Further characterisation of the T-DNA mutants for in vitro growth and stress defects

Further phenotyping of the T-DNA mutant isolates in vitro was carried out using different fungal stressors, imparting osmotic, oxidative and cell wall stress, and for hyphal growth induction on tap water agar (TWA). For stress sensitivity testing, each isolate was tested a minimum of three times against each stress, and final images of fungal growth spotting plates were taken after five days. The typical results of these assays are shown in Figure 1B. Isolates 4-124 and 4-158 displayed hypersensitivity to both osmotic and oxidative stress, whilst 15-120, 5-51 and 9-70 appeared to tolerate all the fungal growth stress conditions tested.

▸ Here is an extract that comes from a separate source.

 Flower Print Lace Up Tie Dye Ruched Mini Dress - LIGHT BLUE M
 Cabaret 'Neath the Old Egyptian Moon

To assess the ability of the five isolates to switch to hyphal growth each was also spotted onto TWA, with an IPO323 spot used as the WT control comparison (Figure 1C). Two of the five mutant isolates (5-51 and 9-70) in the hyphal growth assays showed a typical WT hyphal growth phenotype. In contrast, mutant isolate 15-120 displayed the most drastic reduced hyphal growth, compared to the other mutant isolates, with only a few short branches very close to the spot edge. A reduction was also seen for isolates 4-124 and 4-158, exhibiting a similar short, hyperbranched hyphal growth phenotype. This reduction paralleled a similar reduction in virulence and was also associated with hypersensitivity to oxidative and osmotic stress in both strains, suggesting potential functional links between these phenotypes.

Detection of T-DNA insertion sites in the four T-DNA mutant isolates

Whole-genome re-sequencing was then performed on the four ATMT IPO323 mutants described. The initial objective was to determine the number and location of T-DNA insertions in the four strains with reduced virulence on wheat.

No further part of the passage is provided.